__EXERCISE BRIEF__. Would you print out every entry exactly as given?

★ ★ ★ ★ ★

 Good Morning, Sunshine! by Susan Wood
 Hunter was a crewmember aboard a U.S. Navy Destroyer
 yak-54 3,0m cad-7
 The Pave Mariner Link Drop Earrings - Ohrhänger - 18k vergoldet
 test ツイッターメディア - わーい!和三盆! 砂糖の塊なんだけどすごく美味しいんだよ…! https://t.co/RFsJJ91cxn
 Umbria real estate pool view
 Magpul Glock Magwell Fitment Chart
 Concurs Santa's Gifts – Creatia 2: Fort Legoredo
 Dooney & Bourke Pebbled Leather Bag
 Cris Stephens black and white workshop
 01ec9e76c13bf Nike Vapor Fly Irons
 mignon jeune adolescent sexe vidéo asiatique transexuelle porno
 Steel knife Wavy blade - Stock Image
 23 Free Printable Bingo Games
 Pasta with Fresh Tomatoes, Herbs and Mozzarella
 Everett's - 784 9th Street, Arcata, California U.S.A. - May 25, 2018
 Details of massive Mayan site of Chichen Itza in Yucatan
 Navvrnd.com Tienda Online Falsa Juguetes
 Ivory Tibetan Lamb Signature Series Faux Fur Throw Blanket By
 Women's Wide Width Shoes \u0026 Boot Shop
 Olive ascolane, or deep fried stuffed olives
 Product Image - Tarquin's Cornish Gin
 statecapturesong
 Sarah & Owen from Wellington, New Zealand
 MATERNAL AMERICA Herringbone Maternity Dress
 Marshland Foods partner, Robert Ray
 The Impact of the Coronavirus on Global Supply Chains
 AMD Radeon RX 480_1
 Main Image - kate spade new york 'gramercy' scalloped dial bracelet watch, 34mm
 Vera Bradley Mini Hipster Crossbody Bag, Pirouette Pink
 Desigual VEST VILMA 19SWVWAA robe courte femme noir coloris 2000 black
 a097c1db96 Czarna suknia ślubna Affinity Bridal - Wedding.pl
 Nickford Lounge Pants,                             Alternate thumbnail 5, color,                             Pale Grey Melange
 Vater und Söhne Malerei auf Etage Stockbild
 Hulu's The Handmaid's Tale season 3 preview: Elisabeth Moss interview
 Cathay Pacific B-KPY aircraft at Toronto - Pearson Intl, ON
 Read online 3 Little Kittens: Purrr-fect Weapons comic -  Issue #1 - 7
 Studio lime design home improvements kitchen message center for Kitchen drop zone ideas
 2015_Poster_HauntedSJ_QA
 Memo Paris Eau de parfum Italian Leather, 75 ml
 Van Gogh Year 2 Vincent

★ ★ ★ ★ ★

__RESULT OF THIS TASK__.
 Good Morning, Sunshine! by Susan Wood
 Hunter was a crewmember aboard a U.S. Navy Destroyer
 yak-54 3,0m cad-7
 The Pave Mariner Link Drop Earrings - Ohrhänger - 18k vergoldet
 test ツイッターメディア - わーい!和三盆! 砂糖の塊なんだけどすごく美味しいんだよ…! https://t.co/RFsJJ91cxn
 Umbria real estate pool view
 Magpul Glock Magwell Fitment Chart
 Concurs Santa's Gifts – Creatia 2: Fort Legoredo
 Dooney & Bourke Pebbled Leather Bag
 Cris Stephens black and white workshop
 01ec9e76c13bf Nike Vapor Fly Irons
 mignon jeune adolescent sexe vidéo asiatique transexuelle porno
 Steel knife Wavy blade - Stock Image
 23 Free Printable Bingo Games
 Pasta with Fresh Tomatoes, Herbs and Mozzarella
 Everett's - 784 9th Street, Arcata, California U.S.A. - May 25, 2018
 Details of massive Mayan site of Chichen Itza in Yucatan
 Navvrnd.com Tienda Online Falsa Juguetes
 Ivory Tibetan Lamb Signature Series Faux Fur Throw Blanket By
 Women's Wide Width Shoes \u0026 Boot Shop
 Olive ascolane, or deep fried stuffed olives
 Product Image - Tarquin's Cornish Gin
 statecapturesong
 Sarah & Owen from Wellington, New Zealand
 MATERNAL AMERICA Herringbone Maternity Dress
 Marshland Foods partner, Robert Ray
 The Impact of the Coronavirus on Global Supply Chains
 AMD Radeon RX 480_1
 Main Image - kate spade new york 'gramercy' scalloped dial bracelet watch, 34mm
 Vera Bradley Mini Hipster Crossbody Bag, Pirouette Pink
 Desigual VEST VILMA 19SWVWAA robe courte femme noir coloris 2000 black
 a097c1db96 Czarna suknia ślubna Affinity Bridal - Wedding.pl
 Nickford Lounge Pants,                             Alternate thumbnail 5, color,                             Pale Grey Melange
 Vater und Söhne Malerei auf Etage Stockbild
 Hulu's The Handmaid's Tale season 3 preview: Elisabeth Moss interview
 Cathay Pacific B-KPY aircraft at Toronto - Pearson Intl, ON
 Read online 3 Little Kittens: Purrr-fect Weapons comic -  Issue #1 - 7
 Studio lime design home improvements kitchen message center for Kitchen drop zone ideas
 2015_Poster_HauntedSJ_QA
 Memo Paris Eau de parfum Italian Leather, 75 ml
 Van Gogh Year 2 Vincent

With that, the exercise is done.